WHAT YOU HAVE TO DO:
In the data below, find the line containing "marathi slogan save"; transcribe it and each line after it exactly, through the last, skipping pictures.

MATERIAL PROVIDED:
[Start of Attachment]

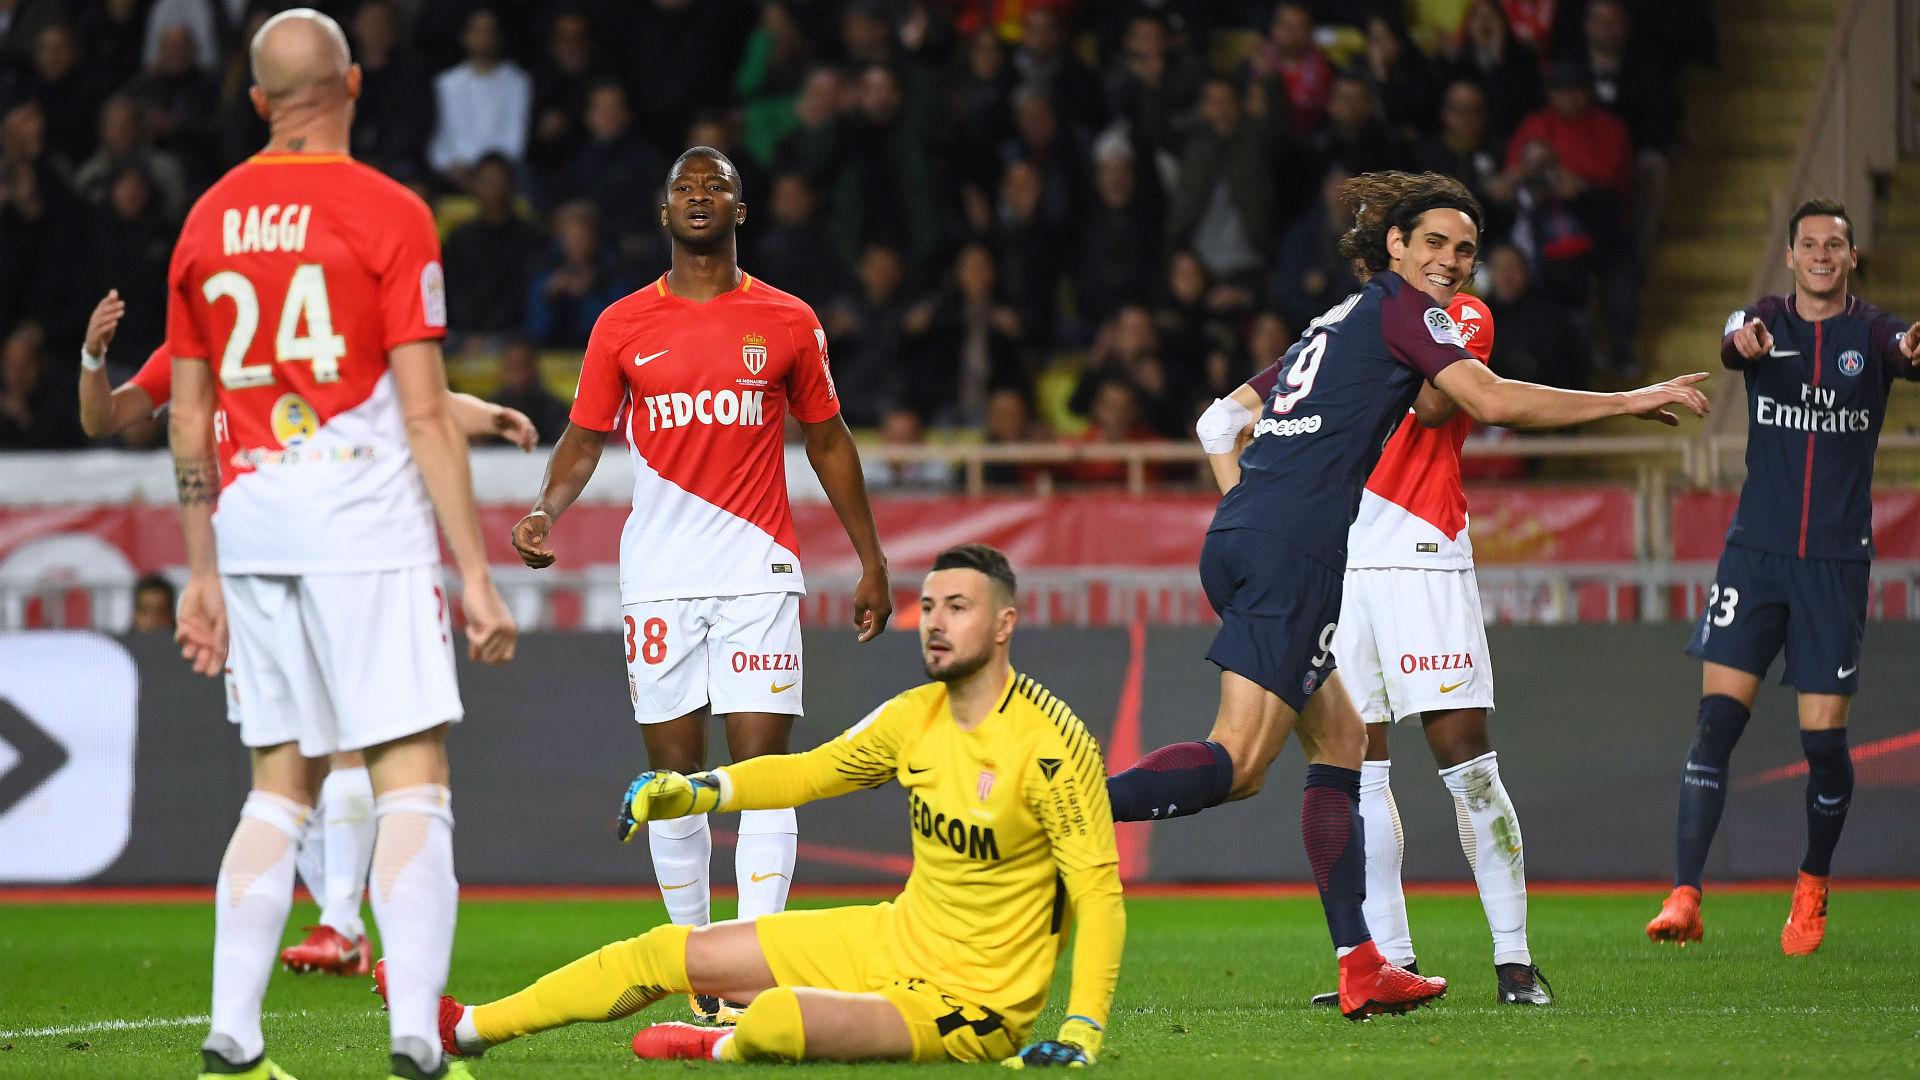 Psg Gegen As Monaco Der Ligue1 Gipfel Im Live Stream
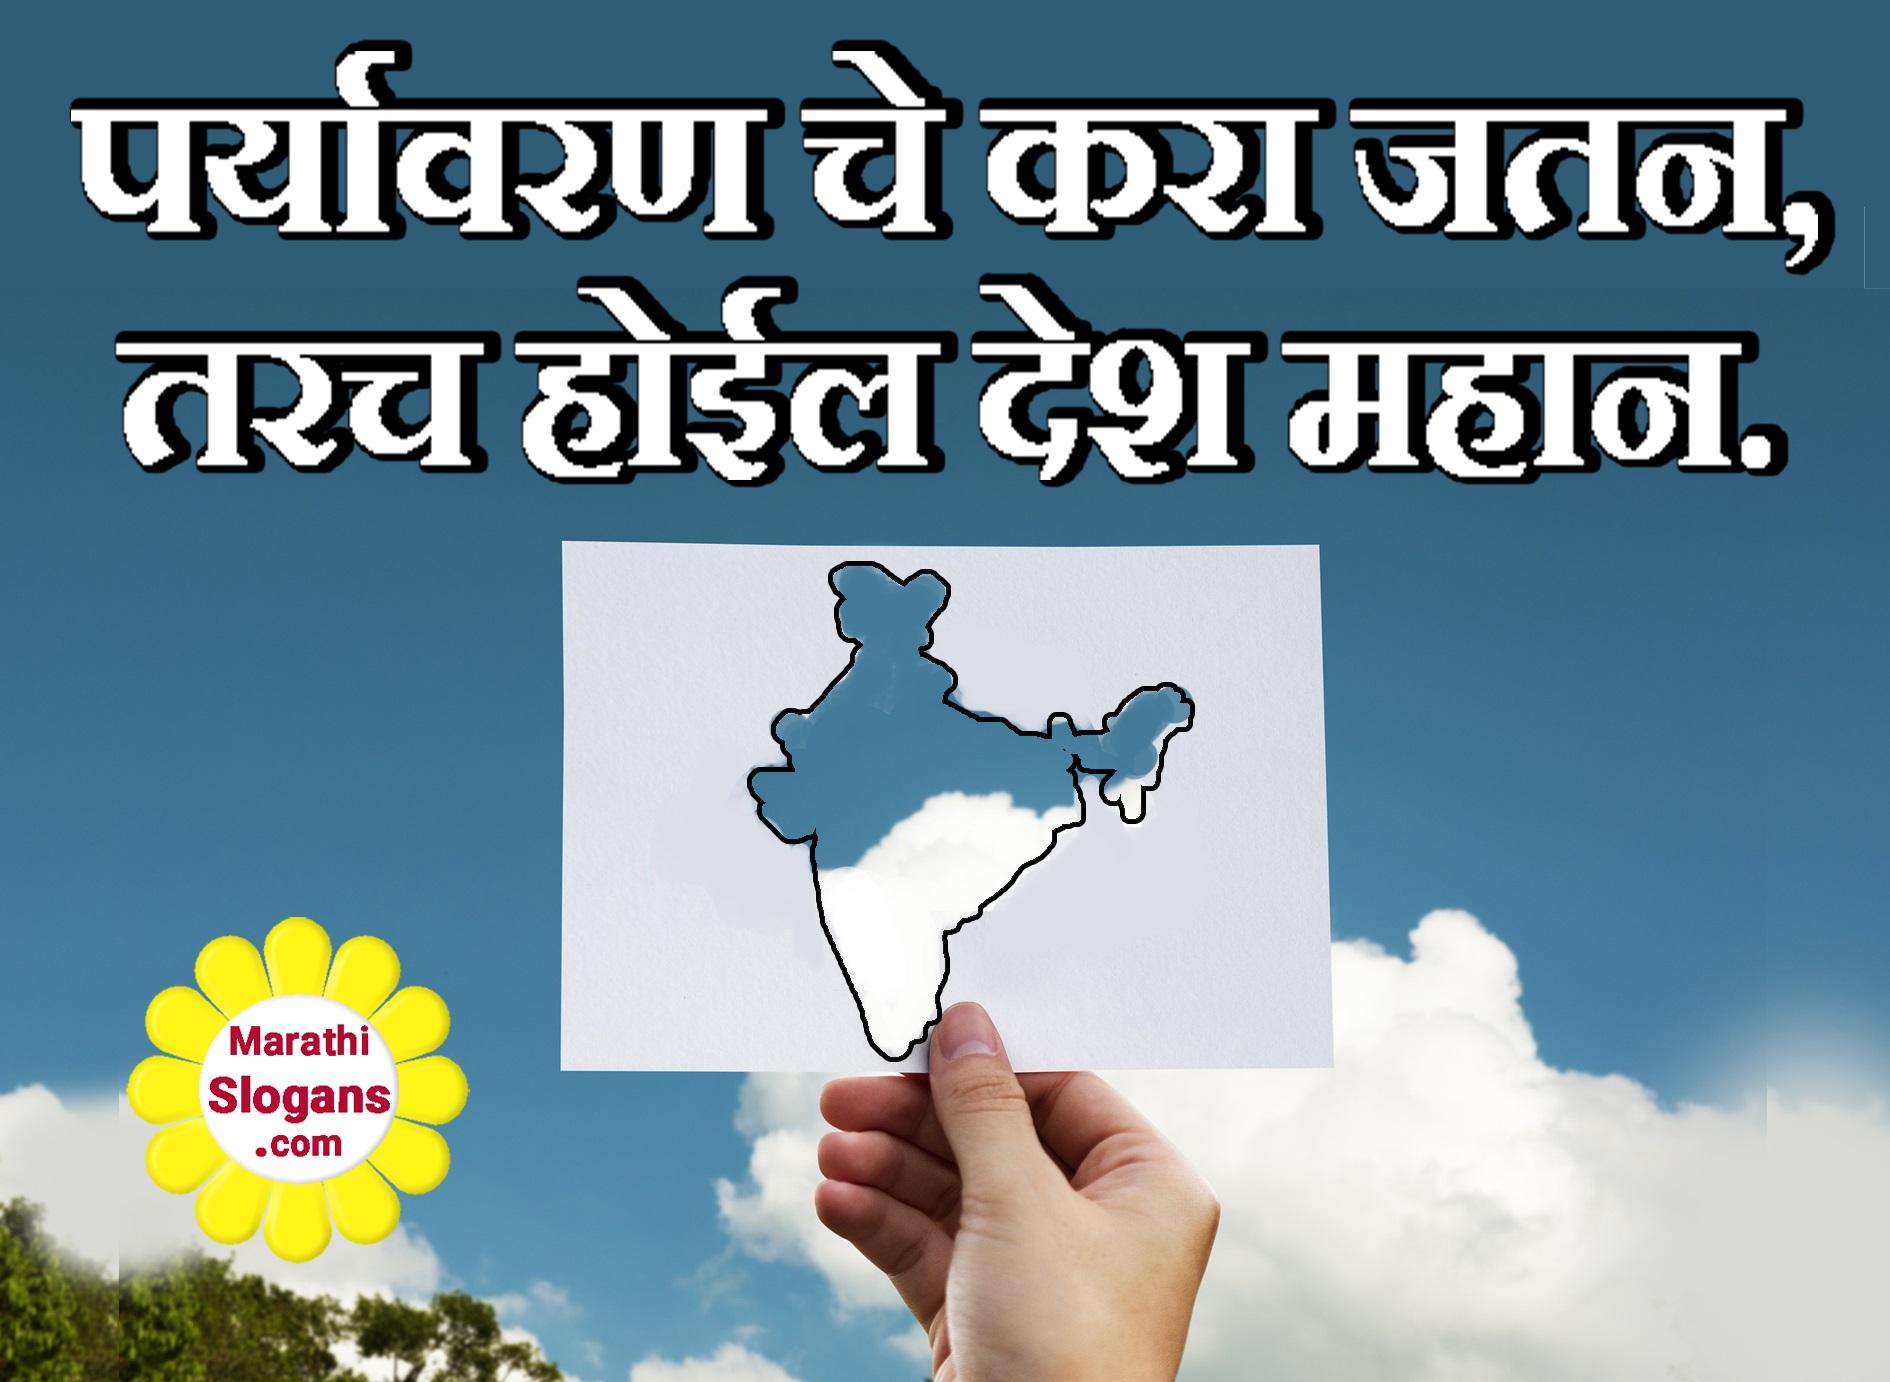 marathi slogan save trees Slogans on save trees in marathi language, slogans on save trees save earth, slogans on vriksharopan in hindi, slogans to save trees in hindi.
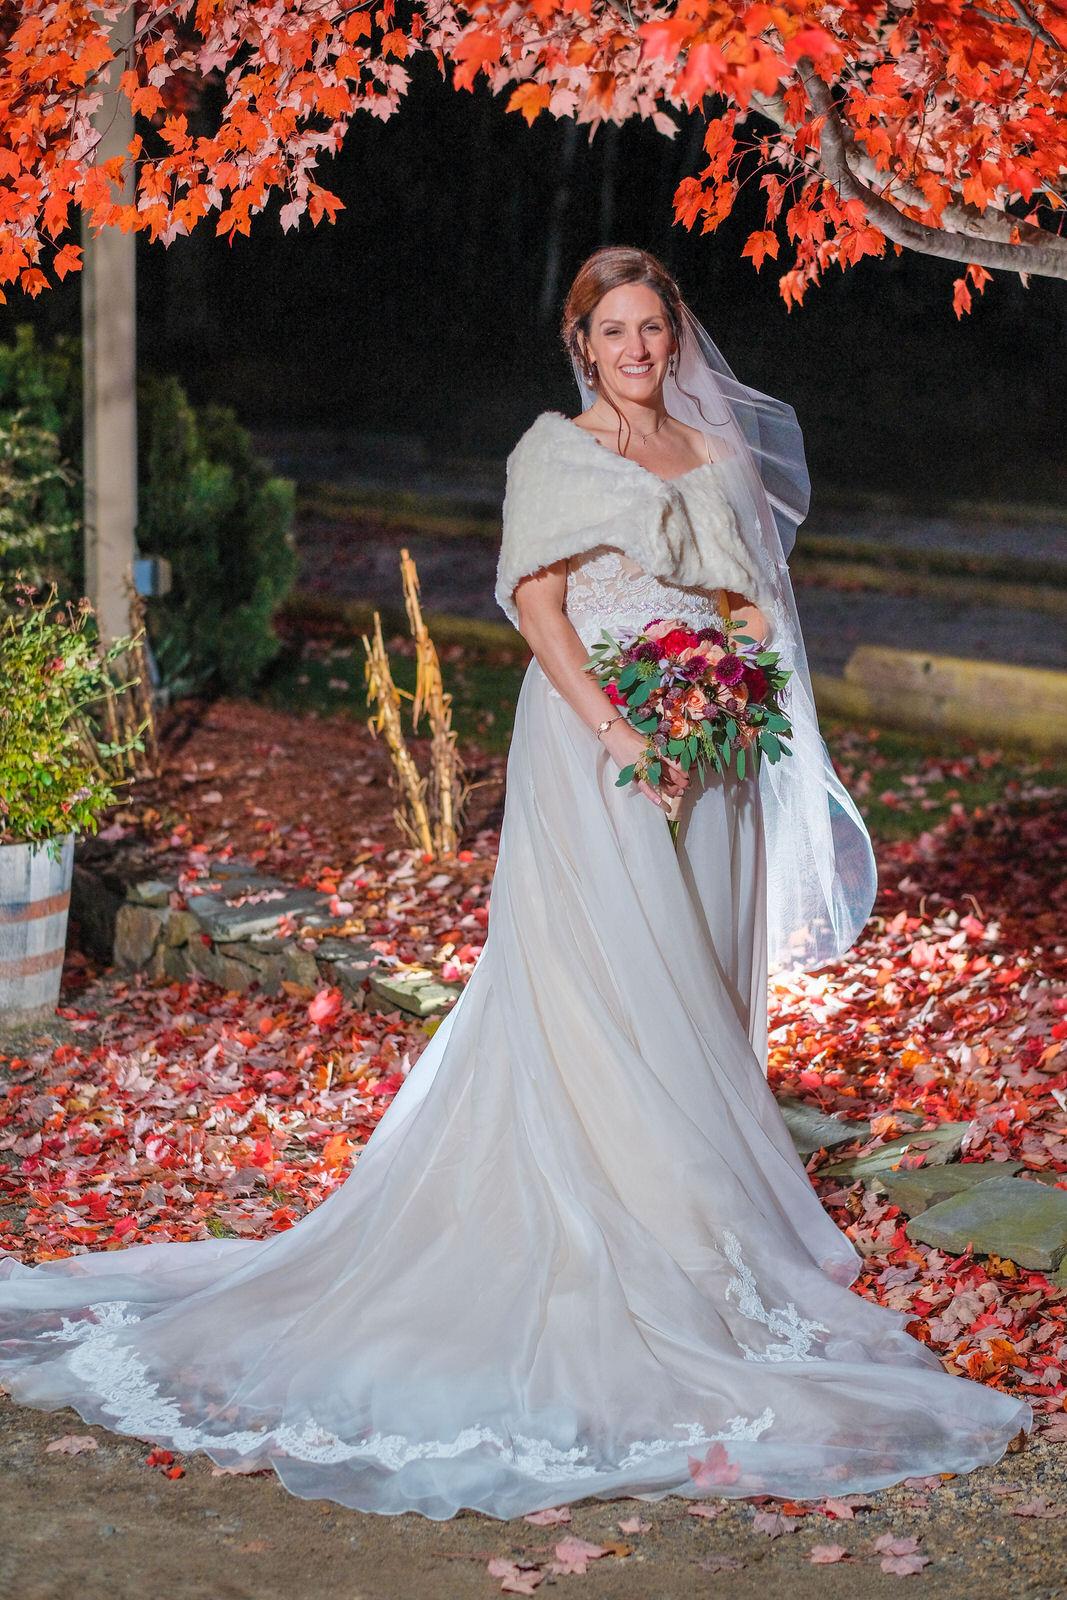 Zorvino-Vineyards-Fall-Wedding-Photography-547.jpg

[End of Attachment]

TASK RESPONSE:
 marathi slogan save trees Slogans on save trees in marathi language, slogans on save trees save earth, slogans on vriksharopan in hindi, slogans to save trees in hindi.
 Zorvino-Vineyards-Fall-Wedding-Photography-547.jpg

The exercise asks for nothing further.